In playing poker, the likelihood of being dealt a particular hand depends on the number of ways in which that hand could have been dealt from the 52-card deck. Find the number of ways each hand could be dealt.

Two pairs (one pair each of two different face values and a card of a third face value)

To find the number of ways a two pairs hand can be dealt in poker, we need to consider the following:

1. Choose the two face values for the pairs: Since there are 13 possible face values in a deck of cards, we can choose any two of them, giving us C(13, 2) combinations.

2. Choose the two suits for the first pair: Within each face value pair, there are four suits, and we need to choose two of them. This can be done in C(4, 2) ways.
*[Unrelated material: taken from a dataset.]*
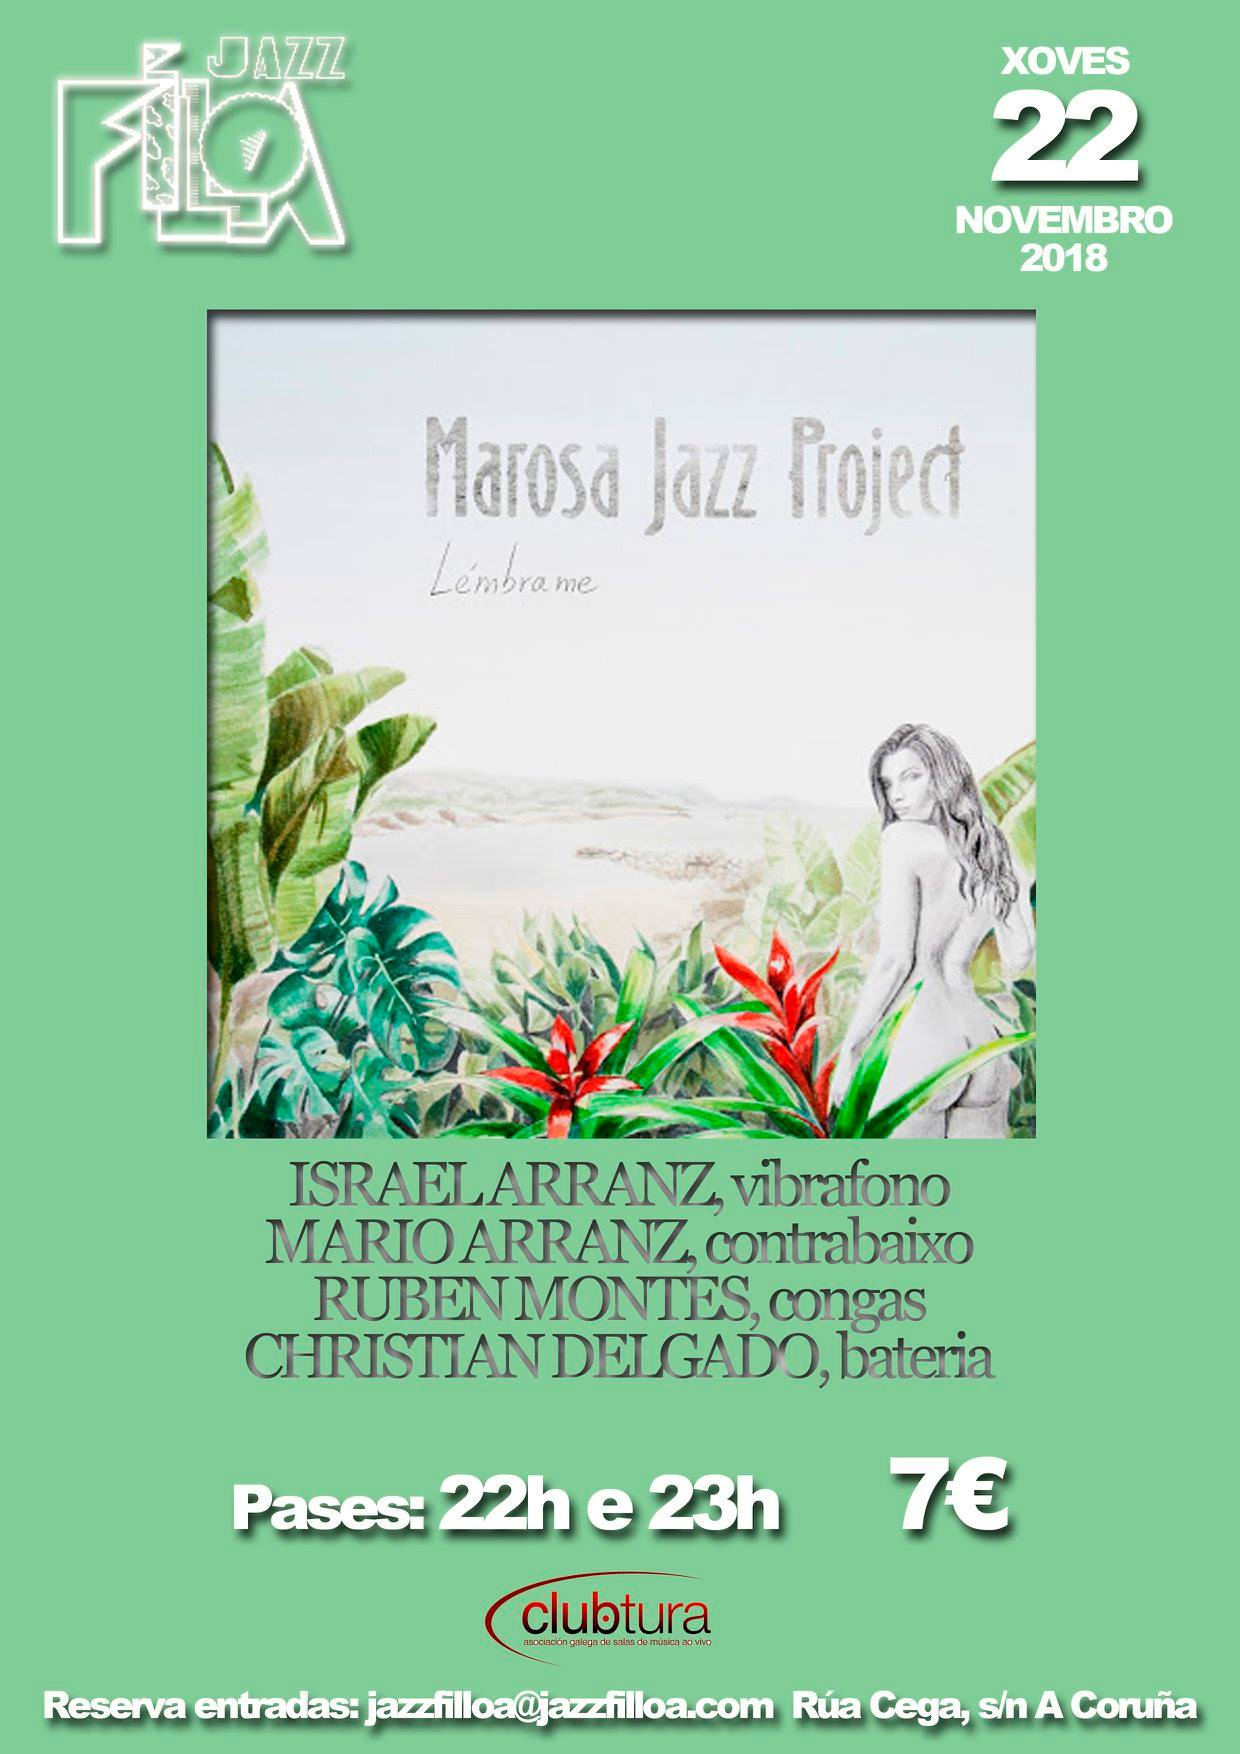 agenda del finde jazz coruña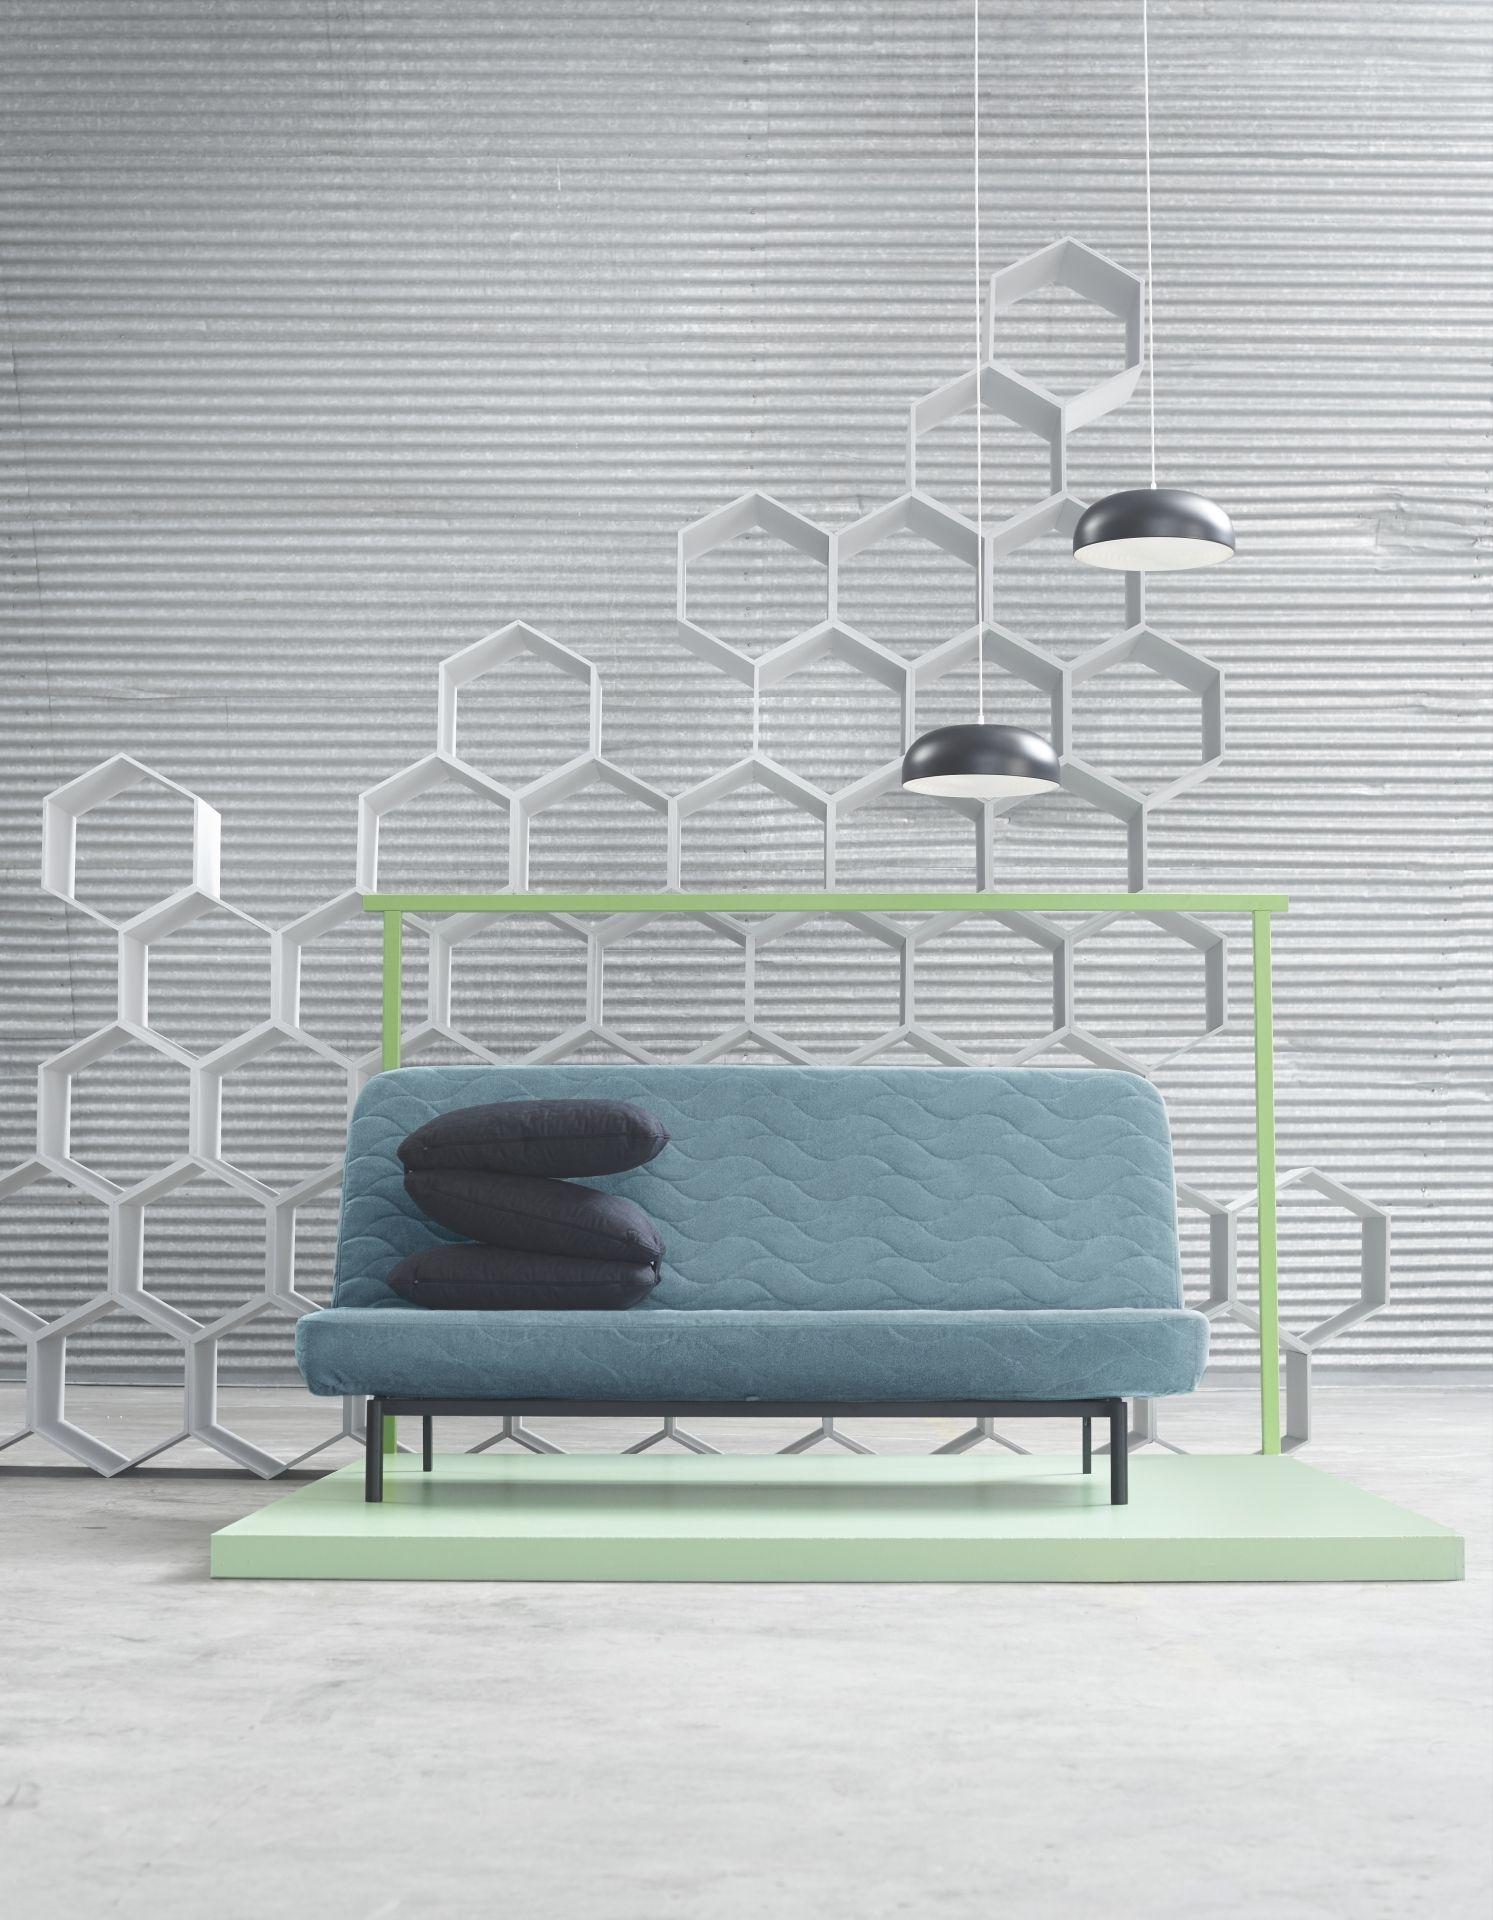 Beddinge Bedbank Ikea.Nederland Slaapbank Ikea En Home Decor

3. Choose the two suits for the second pair: For the remaining face value pair, we again need to choose two out of the available four suits, which again can be done in C(4, 2) ways.

4. Choose the remaining card: Once the two pairs are determined, we have to choose any card from the remaining 44 cards (52 cards - 4 cards for the two pairs - 2 cards for the third face value pair).

To find the total number of ways, we need to multiply the results from steps 1 to 4:

Total number of ways = C(13, 2) * C(4, 2) * C(4, 2) * 44

Evaluating this expression will give us the total number of ways a two pairs hand can be dealt from a standard 52-card deck in poker.